The metabolic and energetic characterization of the growth of Leuconostoc oenos on glucose-citrate or glucose-fructose mixtures enables the potential role of this bacterium in the wine-making process to be ascertained. Moreover, mixotrophic conditions remain a suitable means for improving biomass productivities of malolactic starter cultures. When the malolactic bacterium L. oenos was grown in batch cultures on complex medium at pH 5.0 with glucose-citrate or glucose-fructose mixtures, enhancement of both the specific growth rate and biomass production yields was observed. While growth was possible on fructose as the sole source of energy, citrate alone did not allow subsequent biomass production. The metabolic interactions between the catabolic pathways of the glucose cosubstrates and the heterofermentation of hexoses led to an increased acetate yield as a result of modified NADH oxidation. However, the calculated global coenzyme regeneration showed that the reducing equivalent balance was never equilibrated. The stimulatory effects of these glucose cosubstrates on growth resulted from increased ATP synthesis by substrate-level phosphorylation via acetate kinase. While the energetic efficiency remained close to 10 g of biomass produced per mol of ATP, the increase in the specific growth rate and biomass production yields was directly related to the rate and yield of ATP generation.
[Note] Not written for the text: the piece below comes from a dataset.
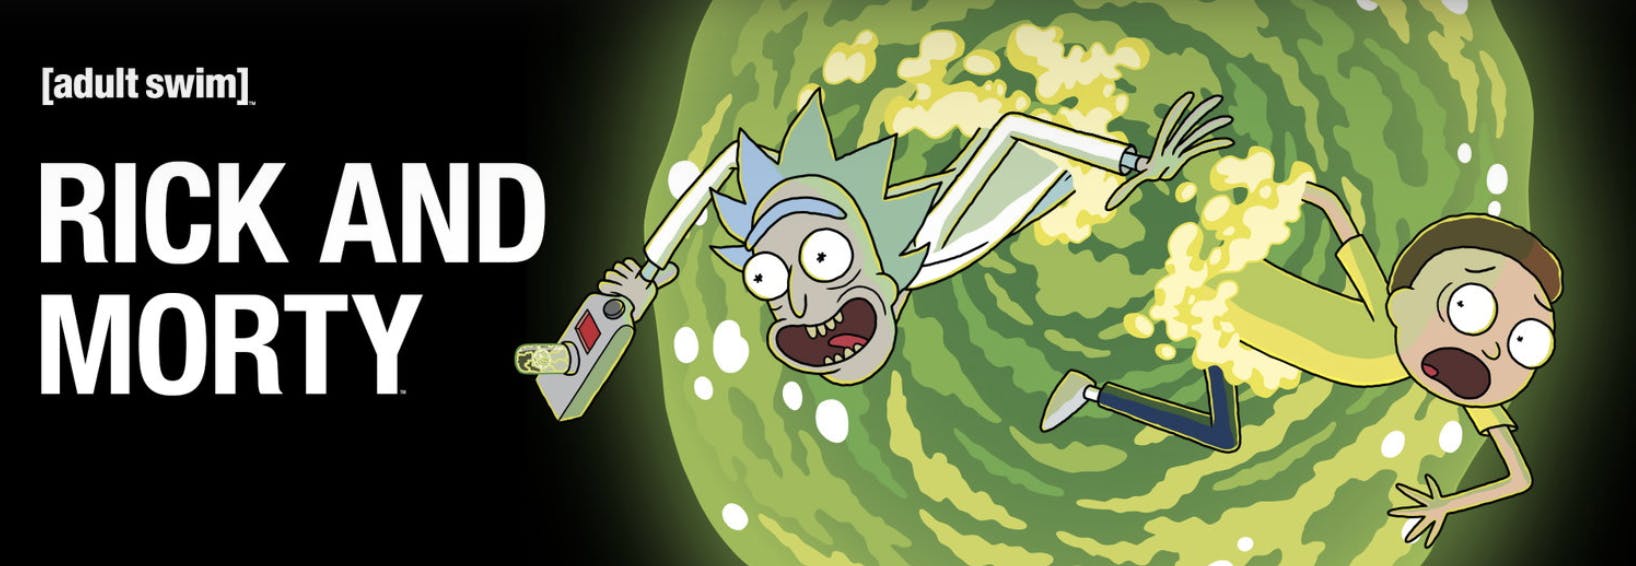 how to watch rick and morty online - hulu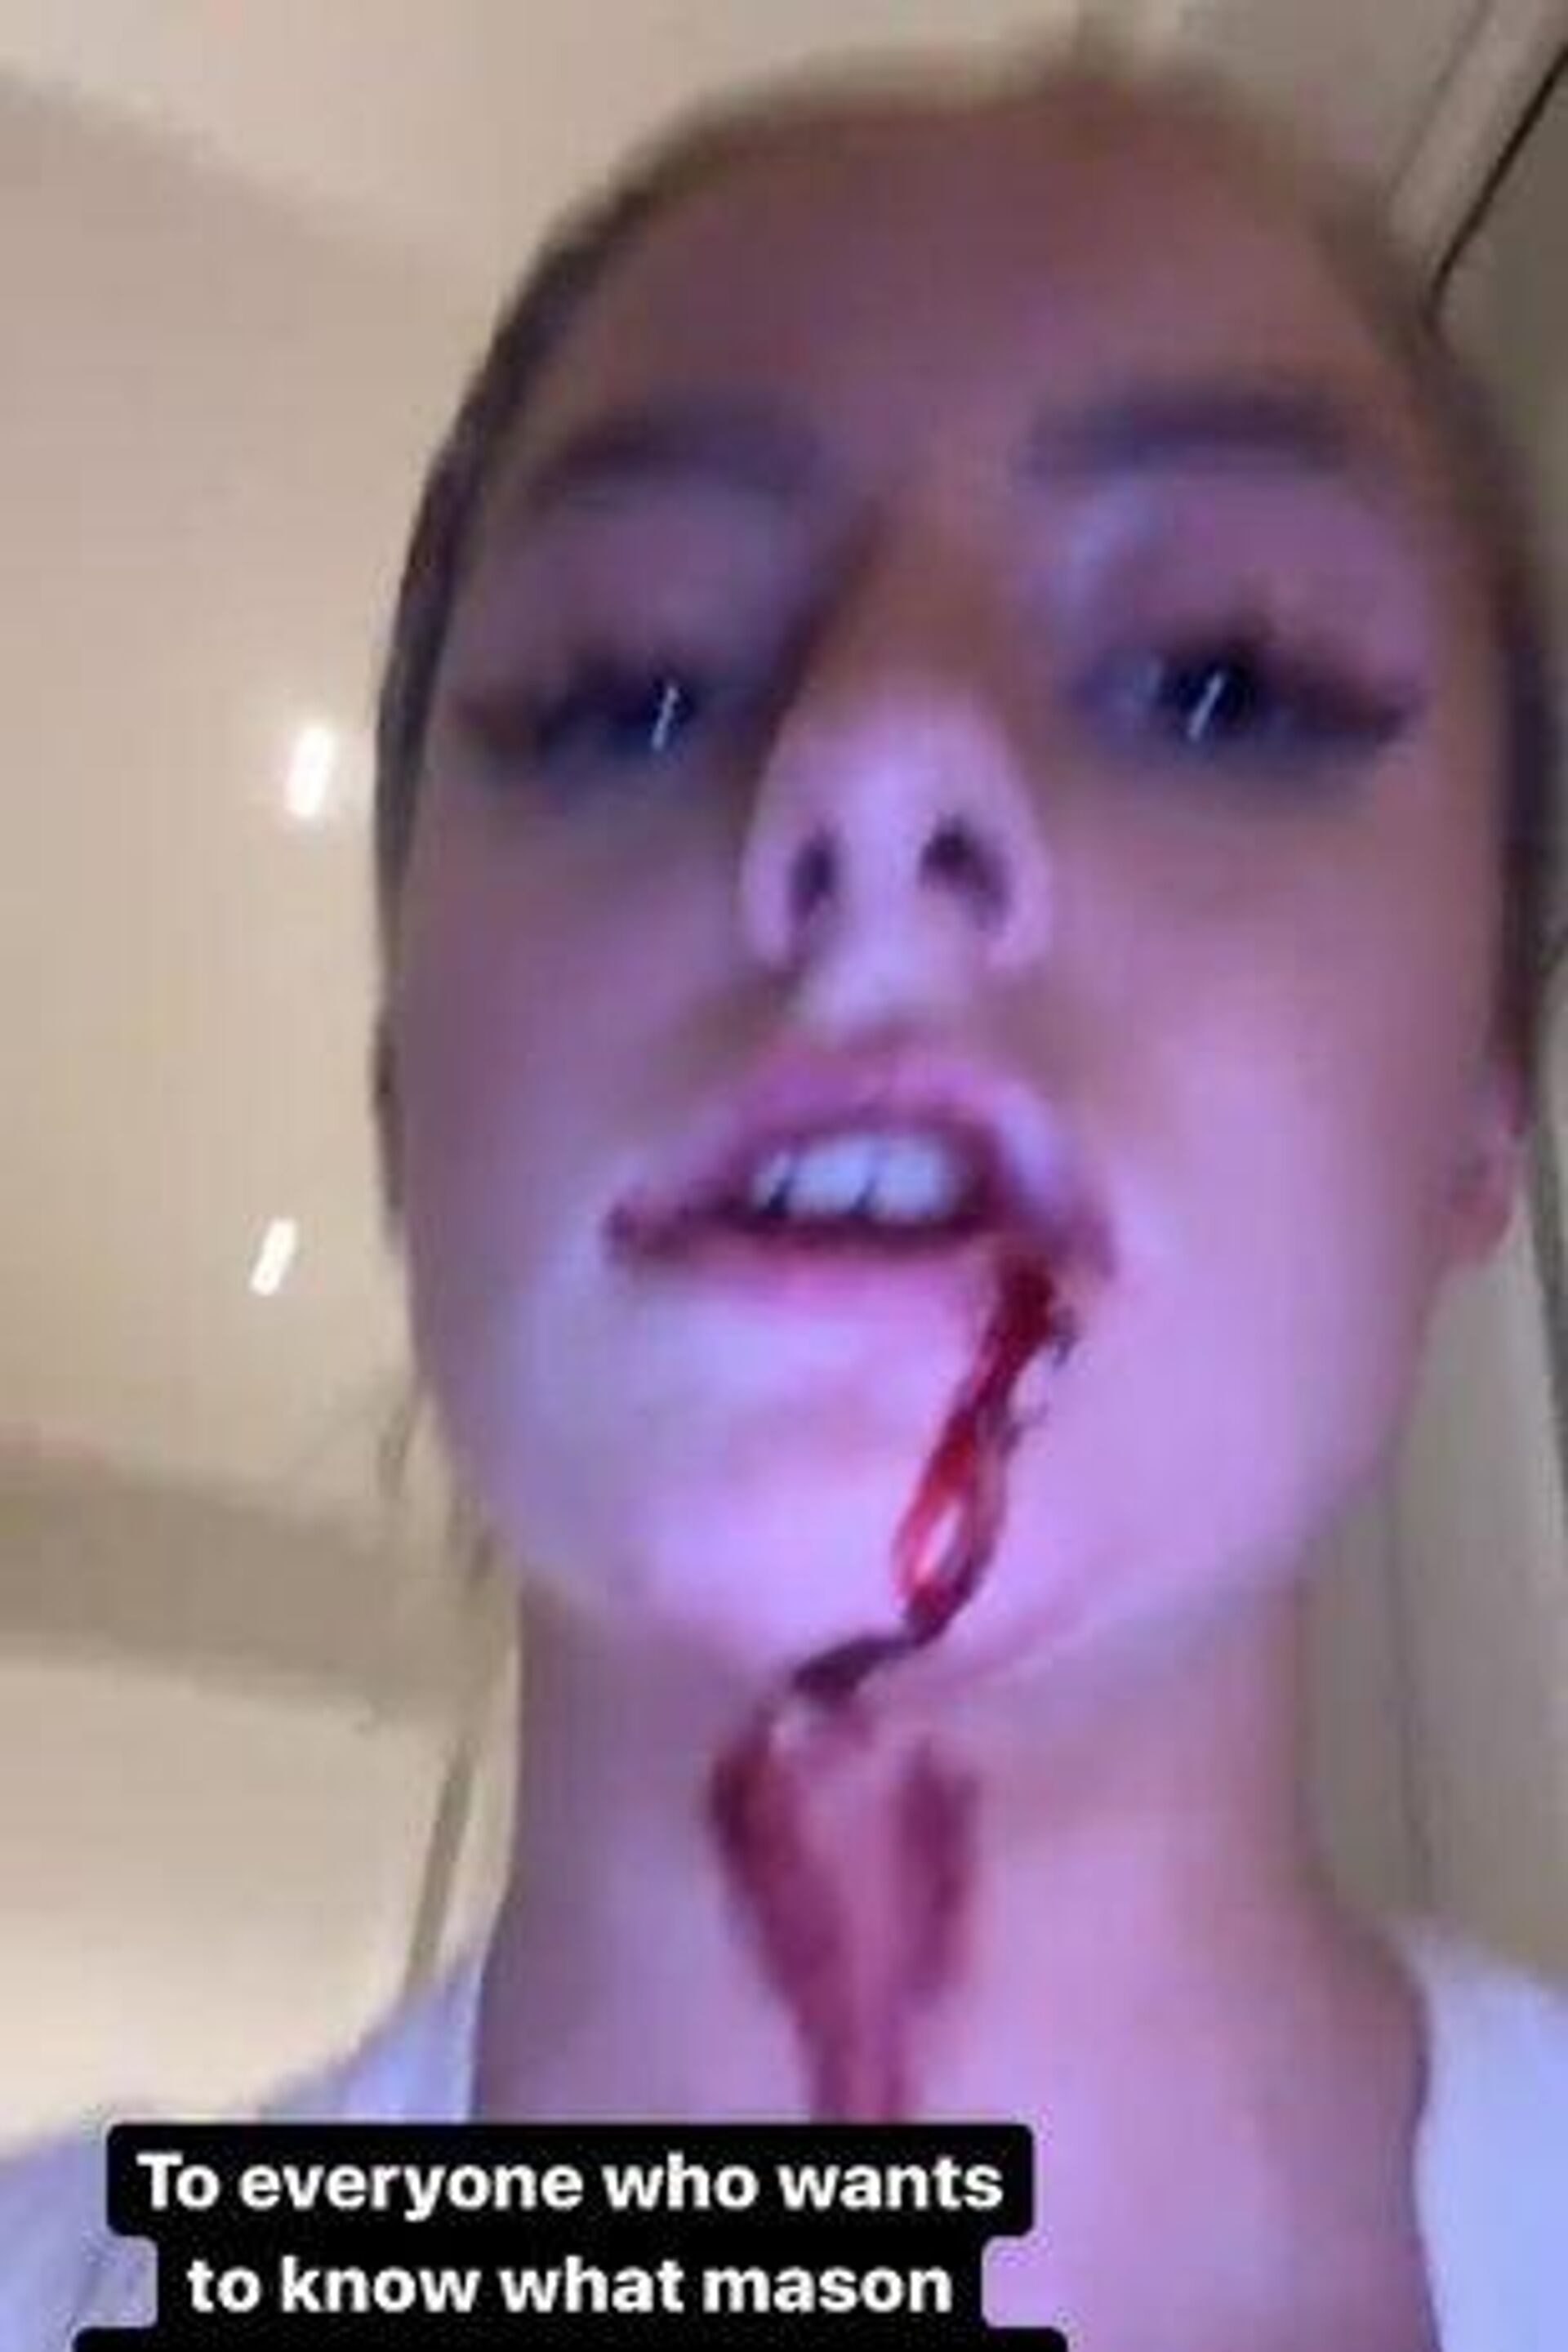 Screenshot of a deleted post published by Harriet Robson, depicting blood on her lip as she accuses her boyfriend Mason Greenwood of abuse. - Sputnik International, 1920, 30.01.2022

Electrogenic malate uptake and improved growth energetics of the malolactic bacterium Leuconostoc oenos grown on glucose-malate mixtures

Growth of the malolactic bacterium Leuconostoc oenos was improved with respect to both the specific growth rate and the biomass yield during the fermentation of glucose-malate mixtures as compared with those in media lacking malate. Such a finding indicates that the malolactic reaction contributed to the energy budget of the bacterium, suggesting that growth is energy limited in the absence of malate. An energetic yield (YATP) of 9.5 g of biomass.mol ATP-1 was found during growth on glucose with an ATP production by substrate-level phosphorylation of 1.2 mol of ATP.mol of glucose-1. During the period of mixed-substrate catabolism, an apparent YATP of 17.7 was observed, indicating a mixotrophy-associated ATP production of 2.2 mol of ATP.mol of glucose-1, or more correctly an energy gain of 0.28 mol of ATP.mol of malate-1, representing proton translocation flux from the cytoplasm to the exterior of 0.56 or 0.84 H+.mol of malate-1(depending on the H+/ATP stoichiometry). The growth-stimulating effect of malate was attributed to chemiosmotic transport mechanisms rather than proton consumption by the malolactic enzyme. Lactate efflux was by electroneutral lactate -/H+ symport having a constant stoichiometry, while malate uptake was predominantly by a malate -/H+ symport, though a low-affinity malate- uniport was also implicated. The measured electrical component (delta psi) of the proton motive force was altered, passing from -30 to -60 mV because of this translocation of dissociated organic acids when malolactic fermentation occurred.

A non-passive mechanism of butyrate excretion operates during acidogenic fermentation of methanol by Eubacterium limosum

The inhibitory effects of organic acids produced as fermentation end-products during methylotrophic growth of the acidogenic anaerobe, Eubacterium limosum have been investigated. Precise quantification of the intracellular concentrations of acetate and butyrate, together with delta pH measurements indicate that butyrate efflux cannot be explained by a process of passive diffusion. Intracellular concentrations of butyrate were significantly lower than those of the culture broth. It is argued that growth inhibition by butyrate is due to energetic limitations resulting from the energy drain associated with this non-passive efflux mechanism.